The former General Counsel for defense contractor Lockheed and hedge fund Bridgewater Associates has never, that I’ve seen, explained what he thought Apple’s business model should be, or how much he wants to change it, or how the FBI Director put himself in charge of dictating what business models were good for America and what weren’t and why we’re even asking that in an age of multinational corporate structures.
It seems there are three possible business models Comey might have in mind for Apple:
I raise these models, in part, because I got into a conversation on Twitter about what the value of encryption on handsets really is. The conversation suffered, I think, from presuming that iPhones and Android phones have the same business model, and therefore one could calculate the value of the encryption offered on an iPhone the same way one would calculate the value of encryption on an Android phone. They’re not.
Even aside from the current difference between Google’s business model (the data model at the software level, the licensing model at the handset level) versus Apple’s model, in Apple’s model, the customer is the customer, and she pays a premium for an idyllic walled garden that includes many features she may not use.
I learned this visiting recently with a blind friend of mine, whom I used to read for on research in college, who therefore introduced me to adaptive technologies circa 1990 (which were pretty cutting edge at the time). I asked her what adaptive technologies she currently uses, thinking that as happened with the 90s stuff the same technology might then be rolled out for a wider audience in a slightly different application.

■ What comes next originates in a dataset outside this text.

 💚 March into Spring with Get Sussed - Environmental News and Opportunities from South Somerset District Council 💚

She said, the iPhone, the iPhone, and the iPhone. Not only are there a slew of apps available for iPhone that provide adaptive technologies. Not only does the iPhone offer the ability to access recorded versions of the news and the like. But all this comes standard in every iPhone (along with other adaptive technologies that wouldn’t be used by a blind person any more than most sighted ones). All iPhone users pay for those adaptive technologies as part of their walled garden, even though even fewer realize they’re there than they realize their phone has great encryption. But because they pay more for their phone, they’re effectively ensuring those who need adaptive technologies can have them, and on the market leader in handsets. Adaptive technologies, like online security, are part of the idyllic culture offered within Apple’s walled garden.

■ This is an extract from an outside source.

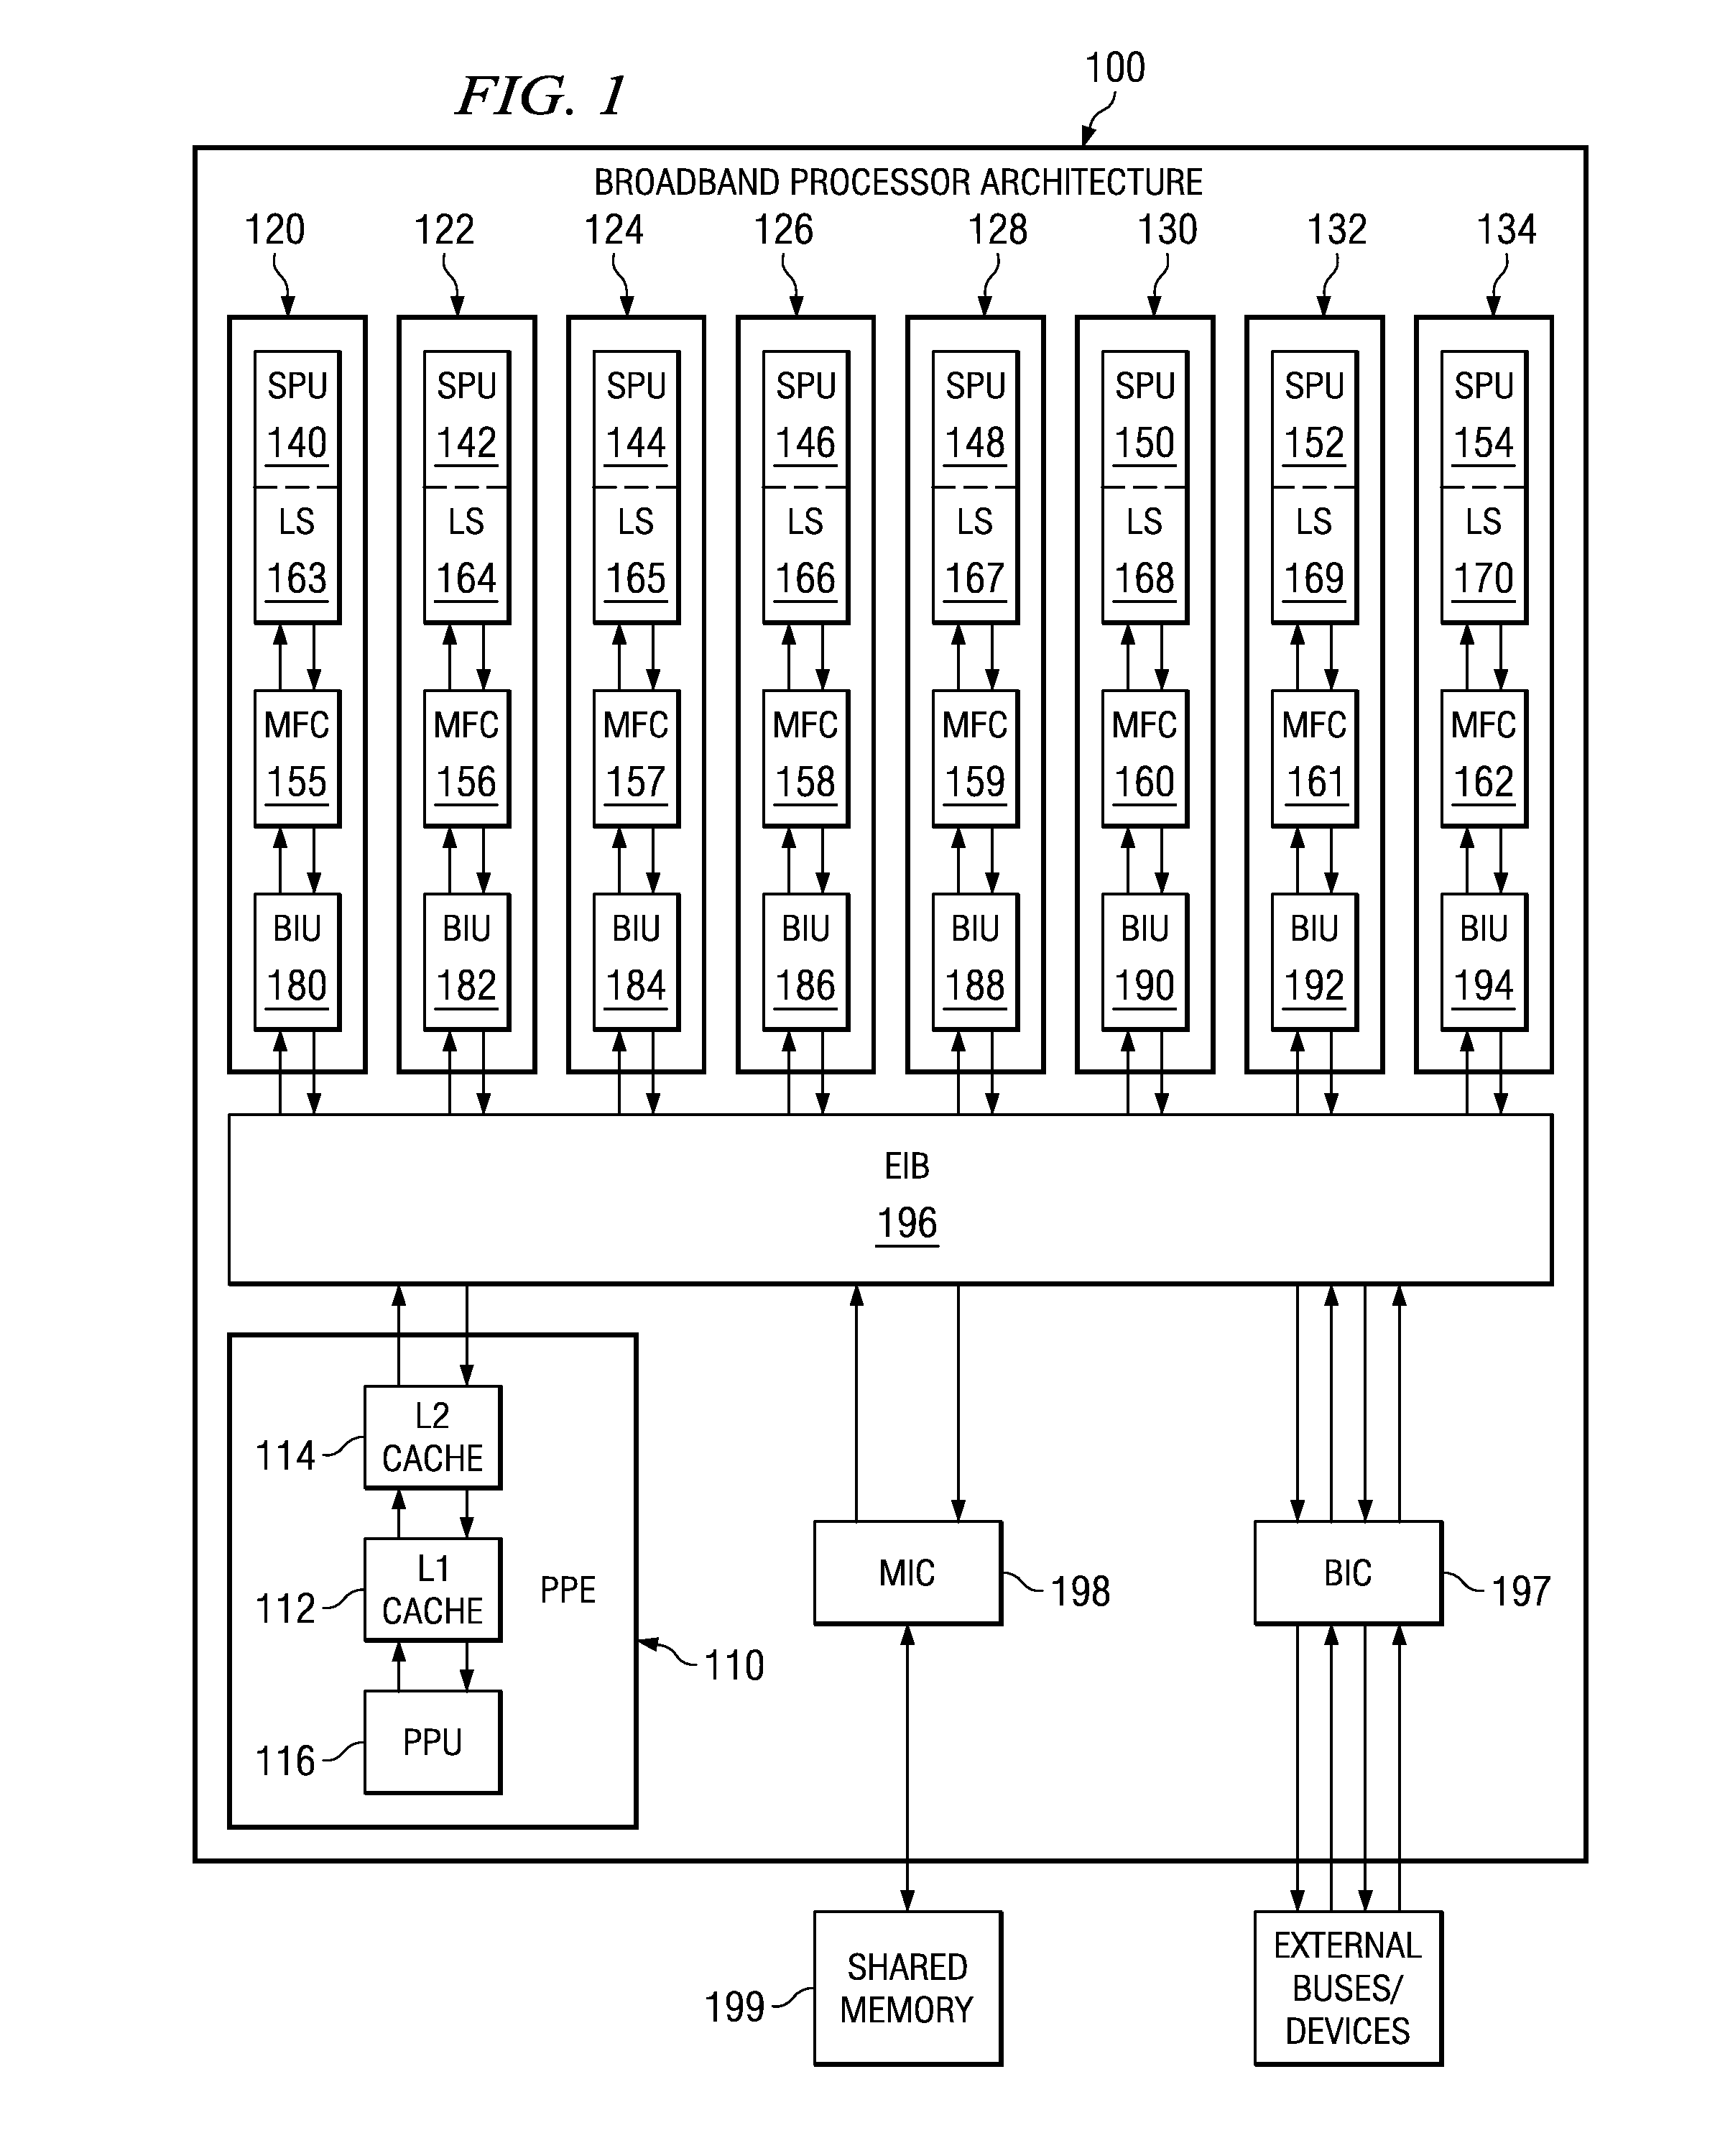 Compiler implemented software cache apparatus and method in which non-aliased explicitly fetched data are excluded

The notion that you can assign a value to Apple’s encryption, independent of the larger walled garden model, seems mistaken. Encryption is a part of having a walled garden, especially when the whole point of a walled garden is creating a space where it is safe and easy to live online.
Plus, it seems law enforcement in this country is absolutely obtuse that the walled garden does provide law enforcement access in the Cloud, and they ought to be thrilled that the best encryption product in the world entails making metadata — and for users using default settings, as even Syed Rizwan Farook seems to have been — content readily available to both PRISM and (Admiral Rogers made clear) USA Freedom Act. That is, Apple’s walled garden does not preclude law enforcement from patrolling parts of the garden. On the contrary, it happens to ensure that American officials have the easiest ability to do so, within limits that otherwise ensure the security of the walled garden in ways our national security elite have been both unwilling and even less able to do.
But there’s one more big problem with the fanciful notion you can build a business model that doesn’t allow for encryption: Signal is free. The best app for encrypted calls and texts, Signal, is available free of charge, and via open source software (so it could be made available overseas if Jim Comey decided it, too, needed to adopt a different business model). The attempt to measure in value what value encryption adds to a handset is limited, because someone can always add on top of it their own product, so any marginal value of encryption on a handset would have to make default encrypted device storage of additional marginal value over what is available for free (note, there is a clear distinction between encrypting data at rest and in motion, but the latter would be more important for anyone conducting nefarious actions with a phone).
Finally, there’s one other huge problem with Comey’s presumption that he should be able to dictate business models.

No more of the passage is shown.